(Information Opens)

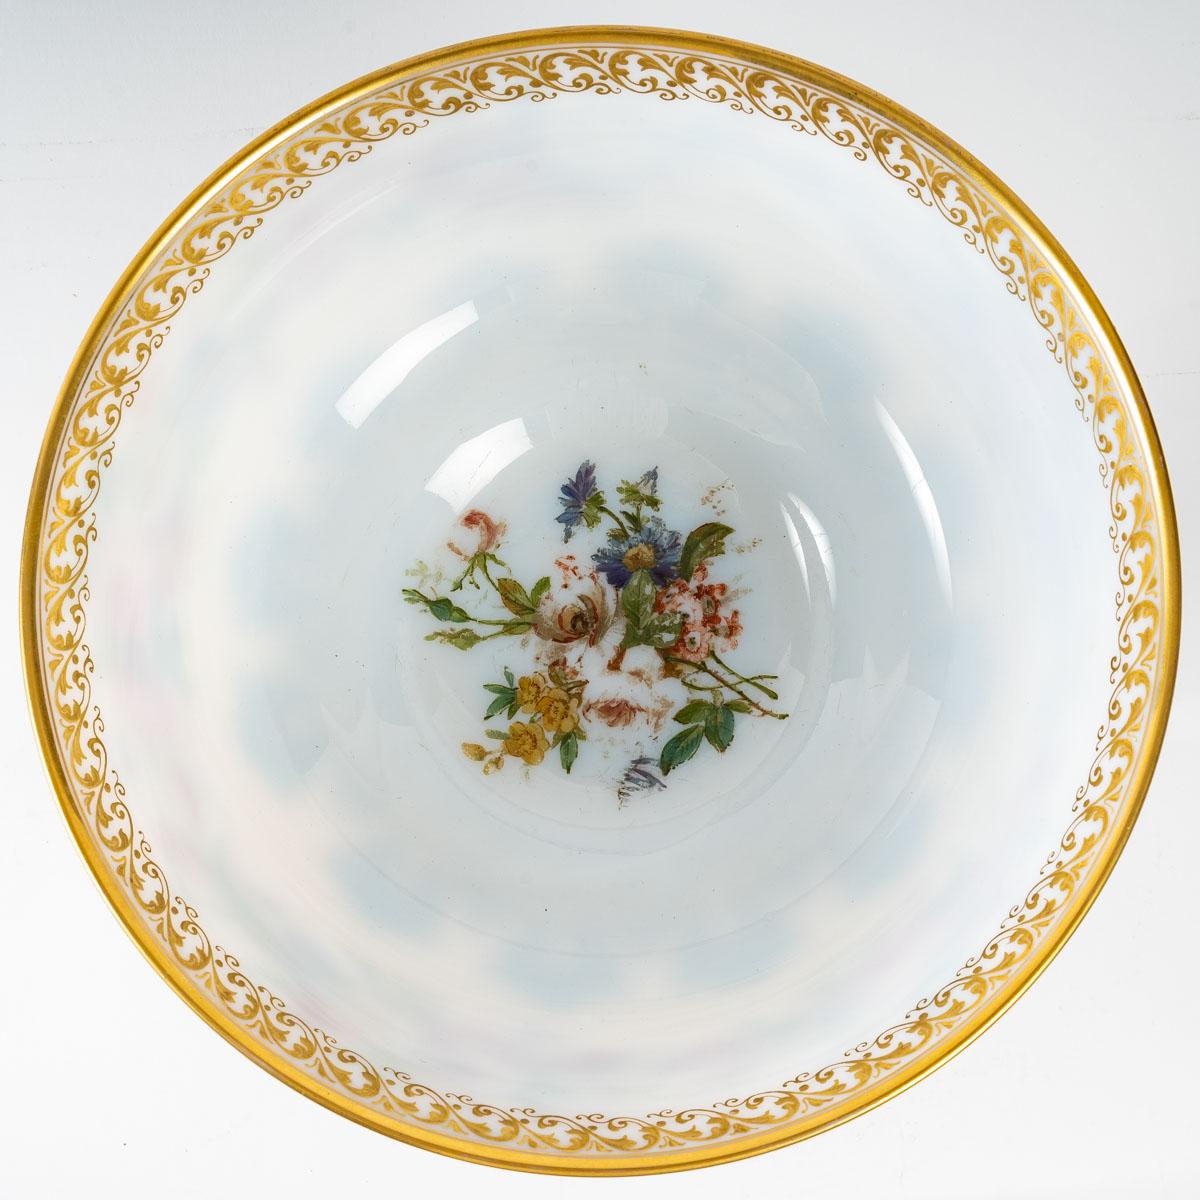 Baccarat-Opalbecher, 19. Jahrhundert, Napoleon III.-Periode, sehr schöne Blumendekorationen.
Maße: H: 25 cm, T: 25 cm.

(Information Closes)
(Information Opens)

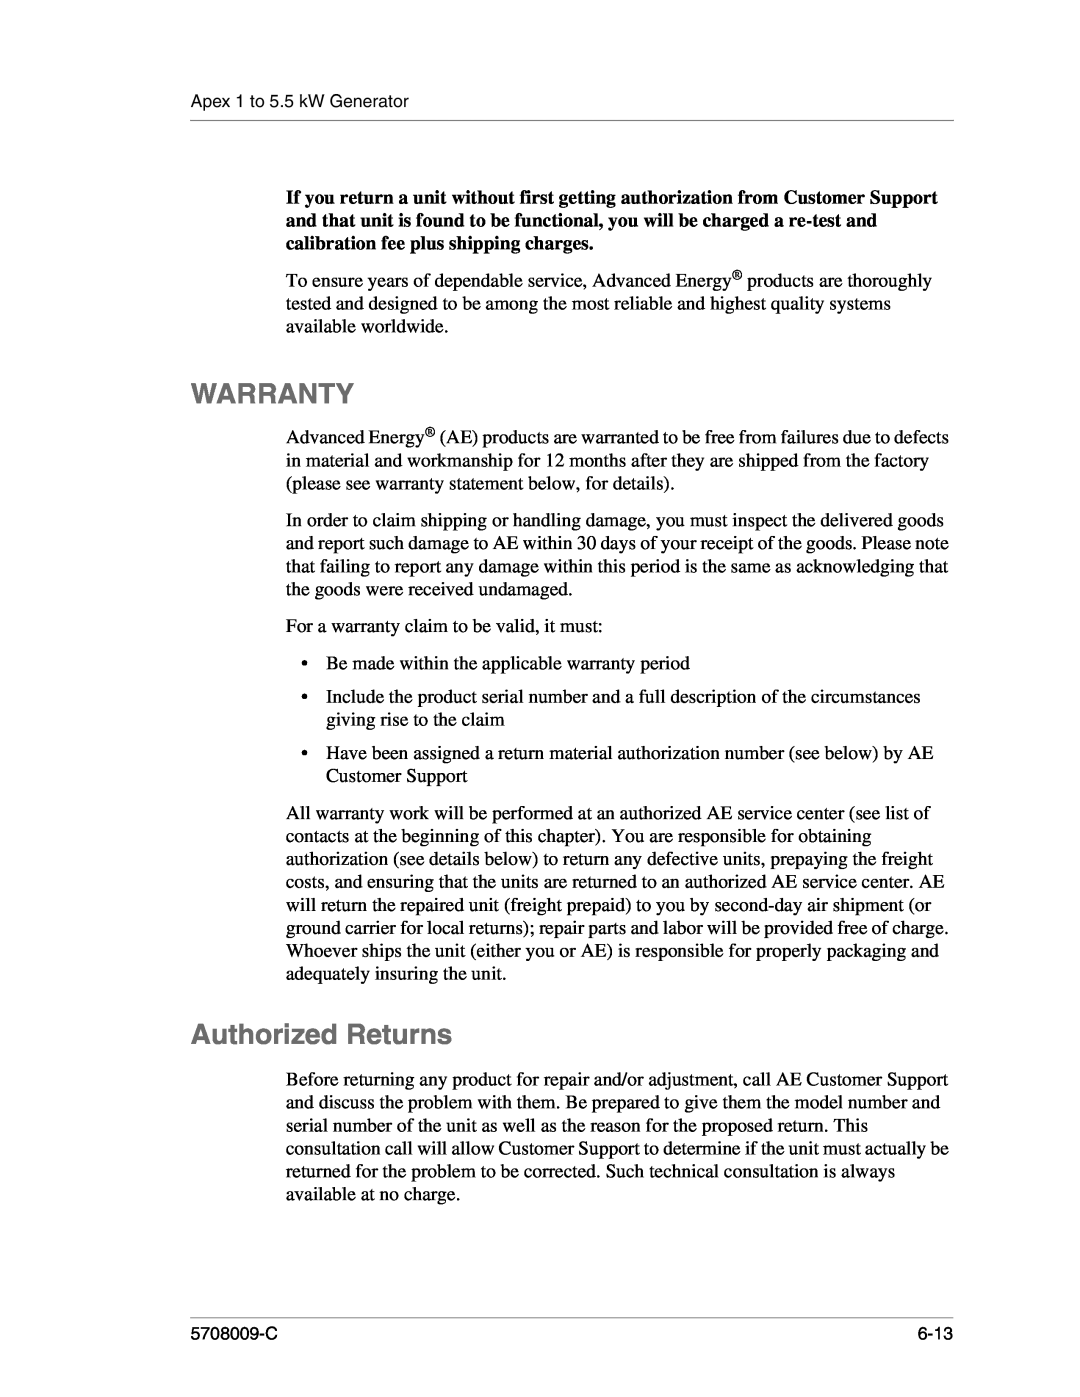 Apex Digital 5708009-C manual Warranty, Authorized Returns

(Information Closes)

**Exercise:** Reproduce the data above exactly, but only from the line containing "Baccarat-Opalbecher, 19. Jahrhundert, Napoleon" through the line containing "Maße: H: 25 cm, T: 25 cm."; skip the pictures.

**Answer below:**
 Baccarat-Opalbecher, 19. Jahrhundert, Napoleon III.-Periode, sehr schöne Blumendekorationen.
Maße: H: 25 cm, T: 25 cm.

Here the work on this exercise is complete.